- EXERCISE MATERIALS -

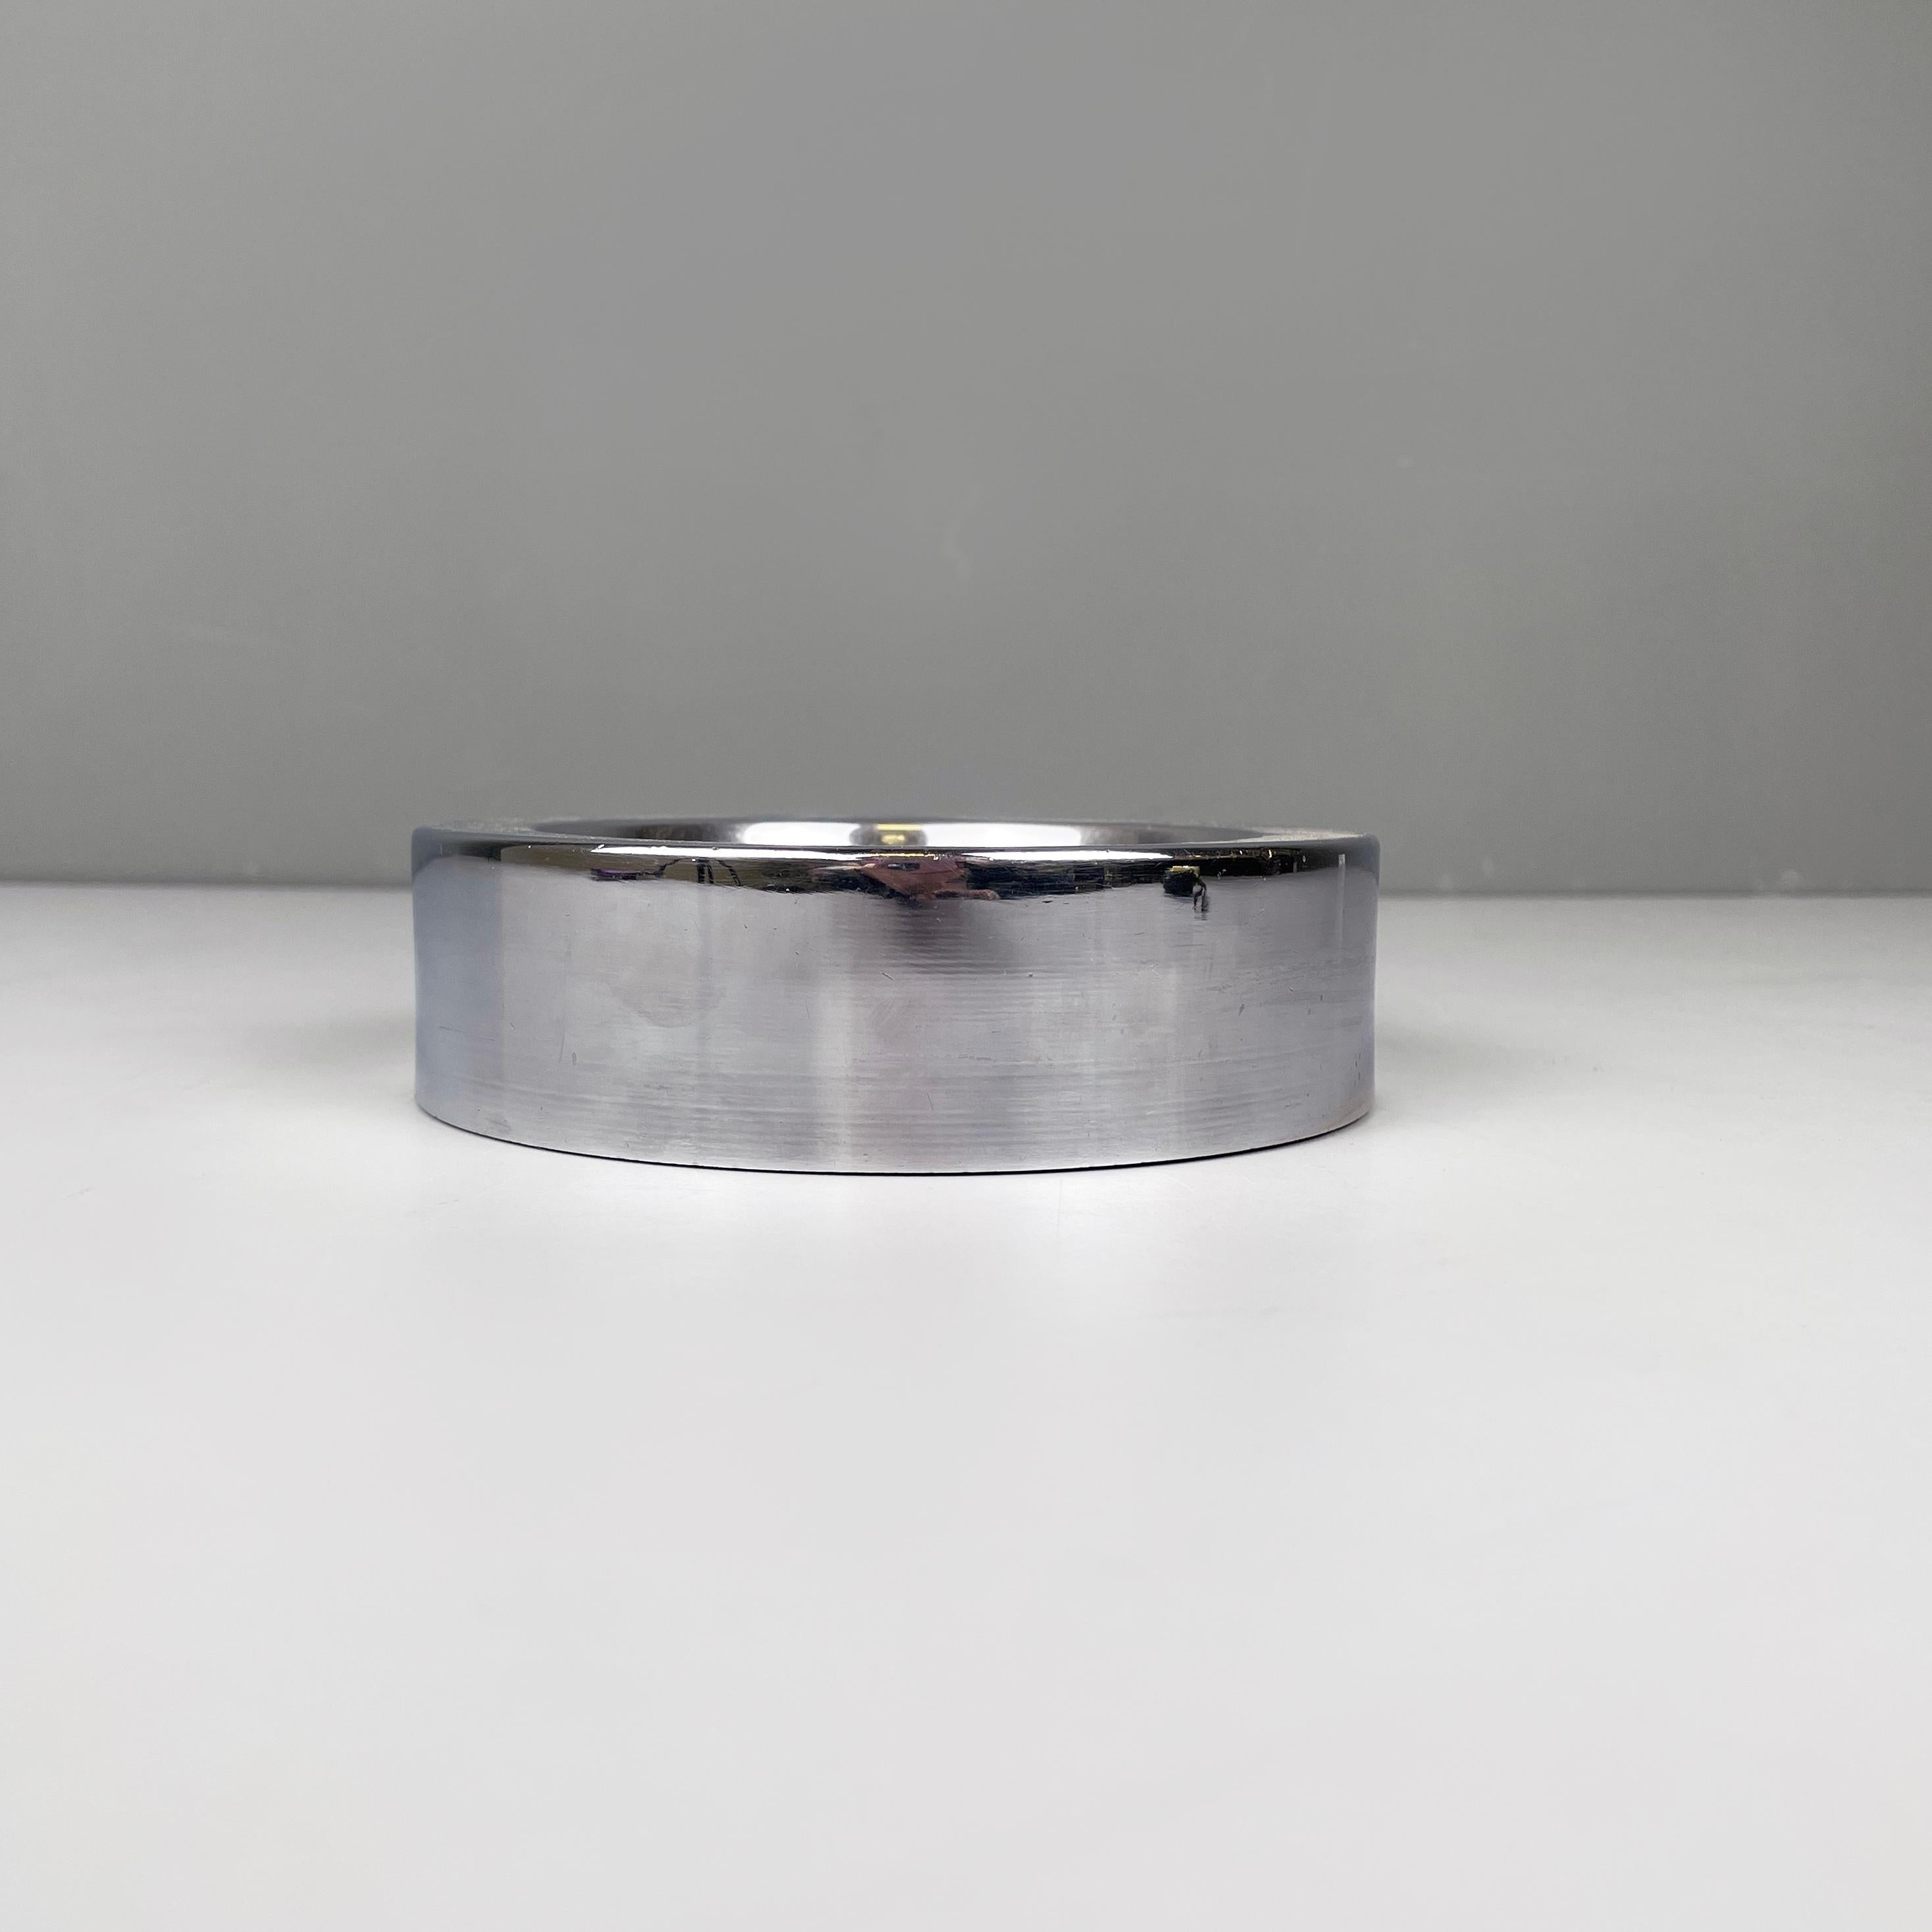 Cendrier de table ronde moderne italien en acier par Dada International Design, années 1980
Cendrier de table rond en acier. Le plat central se termine par un bord épais.
Il a été produit par Dada International Design dans les années 1980.
Bon état,
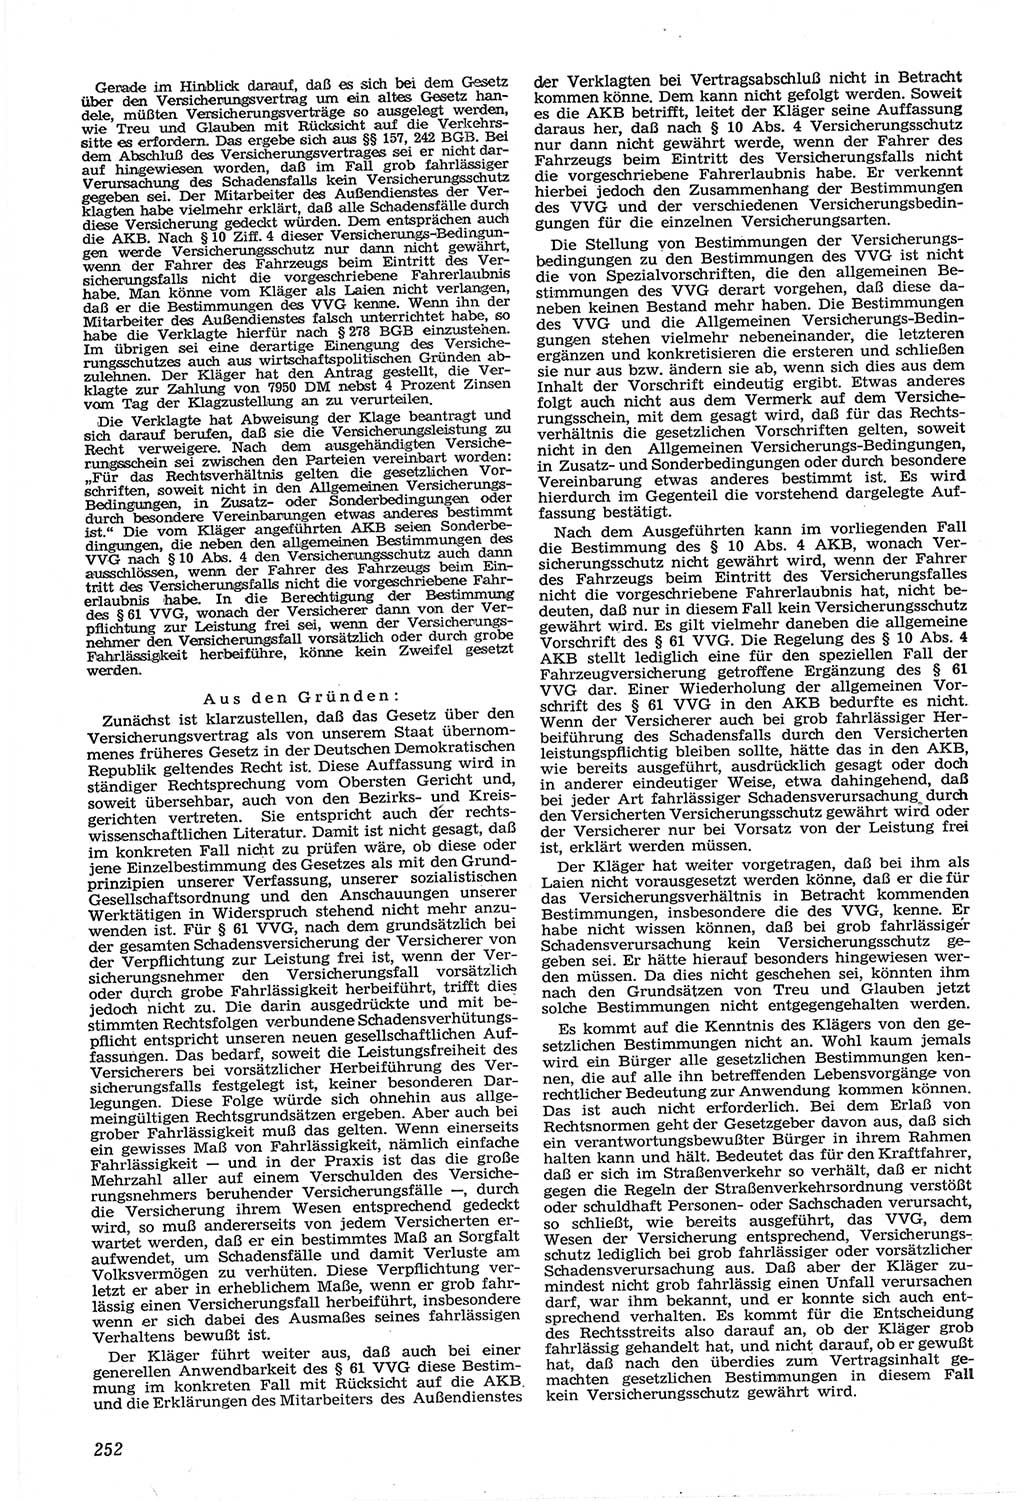 Neue Justiz (NJ), Zeitschrift für Recht und Rechtswissenschaft [Deutsche Demokratische Republik (DDR)], 14. Jahrgang 1960, Seite 252 (NJ DDR 1960, S. 252)

- WORK REQUIRED -
Any pictures should be dropped; transcribe the rest of the records above exactly.

- SOLUTION FOR THIS PROBLEM -
 Cendrier de table ronde moderne italien en acier par Dada International Design, années 1980
Cendrier de table rond en acier. Le plat central se termine par un bord épais.
Il a été produit par Dada International Design dans les années 1980.
Bon état,
 Neue Justiz (NJ), Zeitschrift für Recht und Rechtswissenschaft [Deutsche Demokratische Republik (DDR)], 14. Jahrgang 1960, Seite 252 (NJ DDR 1960, S. 252)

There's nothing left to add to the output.